In Stevens v. Damon, 29 Vt. 521, it was hel that:
“The judgment of the justice in such a suit will not be a bar to a subsequent suit for the recovery of the account of the plaintiff which was not presented, if its presentation was omitted by mistake, or for any other sufficient reason.”
See Cramer v. Manufacturing Co., 35 C. C. A. 508, 93 Fed. 636; Fox v. Althorp, 40 Ohio St. 322; Kane v. Morehouse, 46 Conn. 300 (closely resembles Stevens v. Damon); Wyman v. Mitchell, 1 Cow. 316, and other cases cited in the case of Clark v. Rowling, supraj also, Johnson v. Insurance Co., 12 Mich. 216 (86 Am. Dec. 49).

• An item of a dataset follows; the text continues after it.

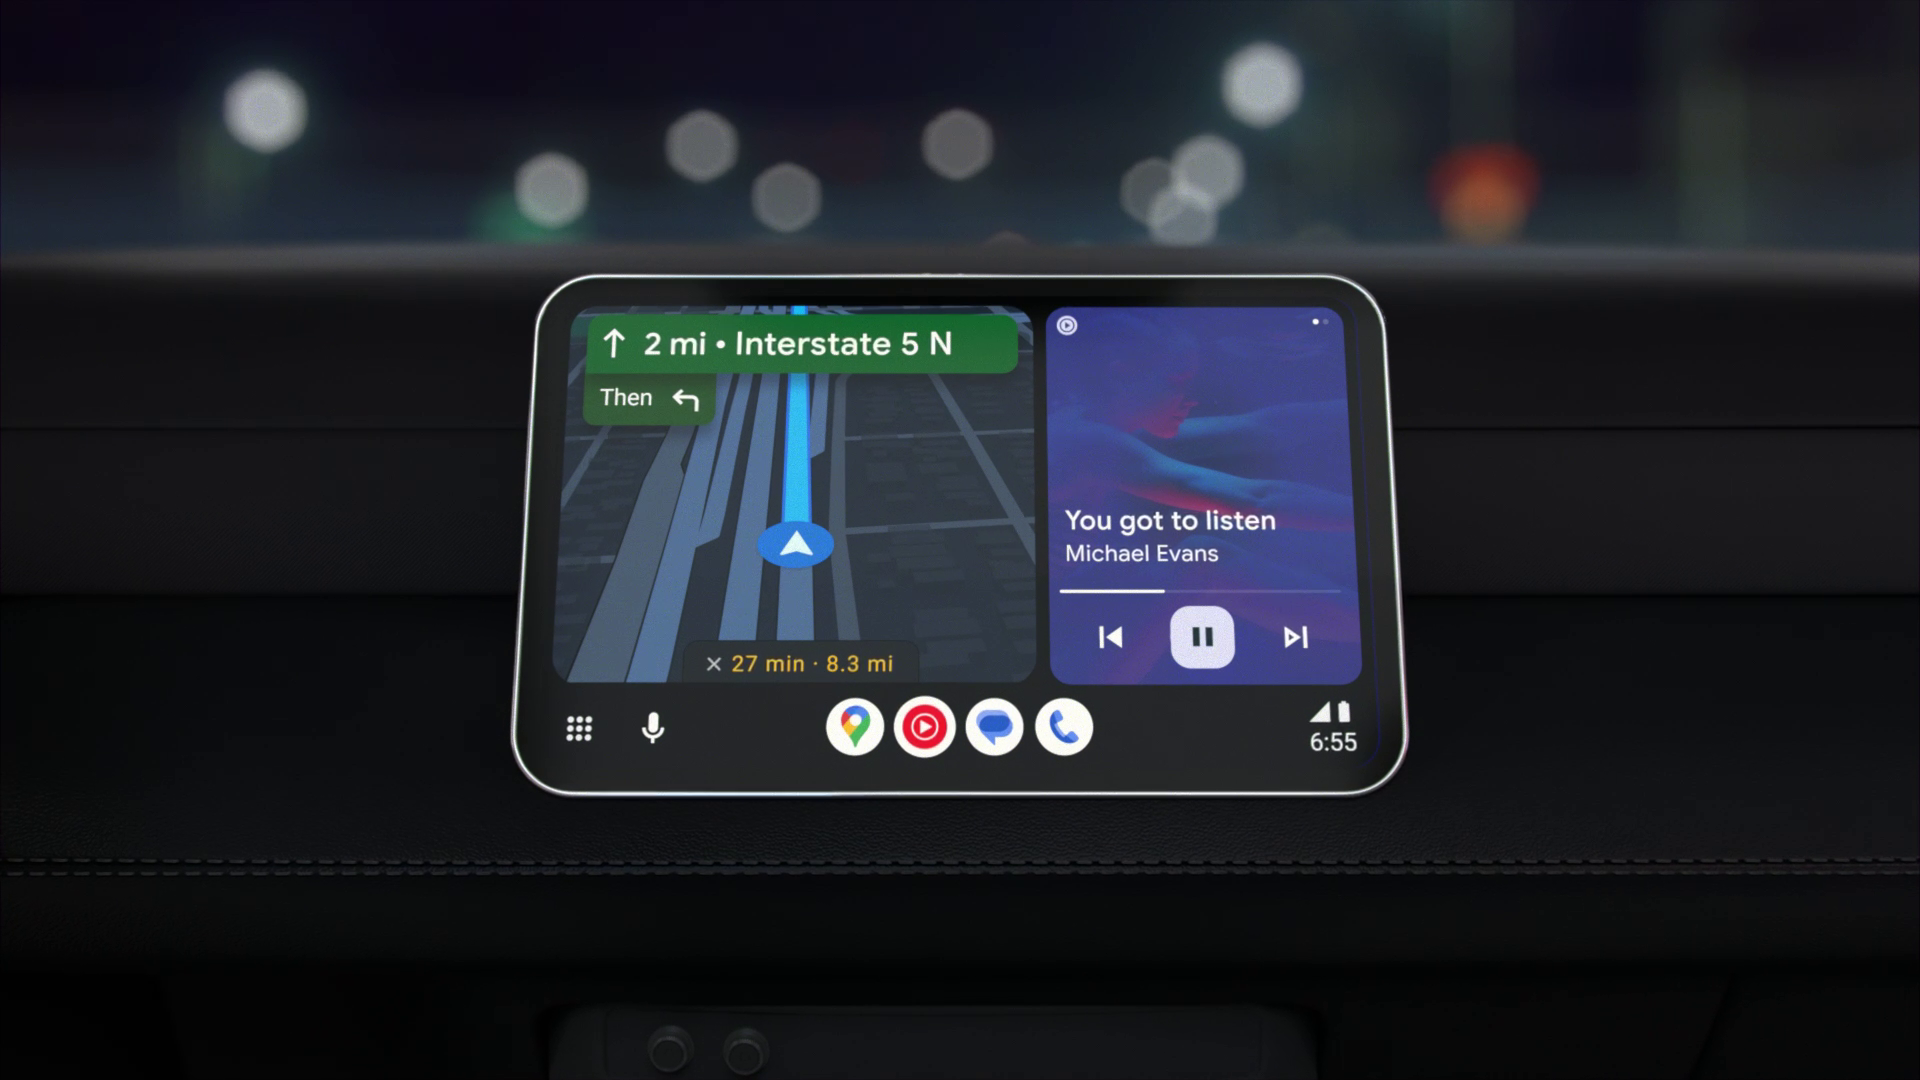 Desain ulang terbaru Android Auto, dengan peta di sebelah kiri dan musik di sebelah kanan.

In the case before us, there is evidence from which it might be found that the course taken by the defendant in procuring a judgment for the breach of the contract was due to the concealment on the part of the iron works of the fact of the transfer of the claim, or, at least, of the mistake of the defendant in supposing that it belonged to the iron works at that time. We think the hardship and injustice of a strict application of the rule of merger is so apparent that we are justified in considering the case within the principle of the cases cited, and holding that, although the plaintiff was not strictly in privity as to the judgment, he was as to the cause of action upon which it was based, and that the defense made was proper. We think this conclusion renders it unnecessary to discuss the subject of election of remedies raised by the briefs.
The further point is made that the defense was not admissible under the pleadings. The case began in justice’s court. The plea was presumably oral, and consisted of “the general issue, notice of set-off and recoupment.” This was not a sufficiently definite plea, under the case of Kerr v. Bennett, 109 Mich. 546, but it was amendable, and, had attention been called to it, doubtless would have been amended.
[486]*486The objections shown in the record do not indicate that the sufficiency of the plea was attacked. They are simply that certain questions and testimony were incompetent and immaterial. That might mean that the plea was insufficient, or that the defense of recoupment could not be proved because of the former judgment, which seems to have been, then, as here, the main contention. Such objections are admirably adapted to the concealment of the real point relied upon, and we have often held that they will not justify a reversal. The authorities are collected in the recent case of Detzur v. Brewing Co., 119 Mich. 282.
The judgment should be affirmed.
Moore and Long, JJ., concurred with Hooker, J.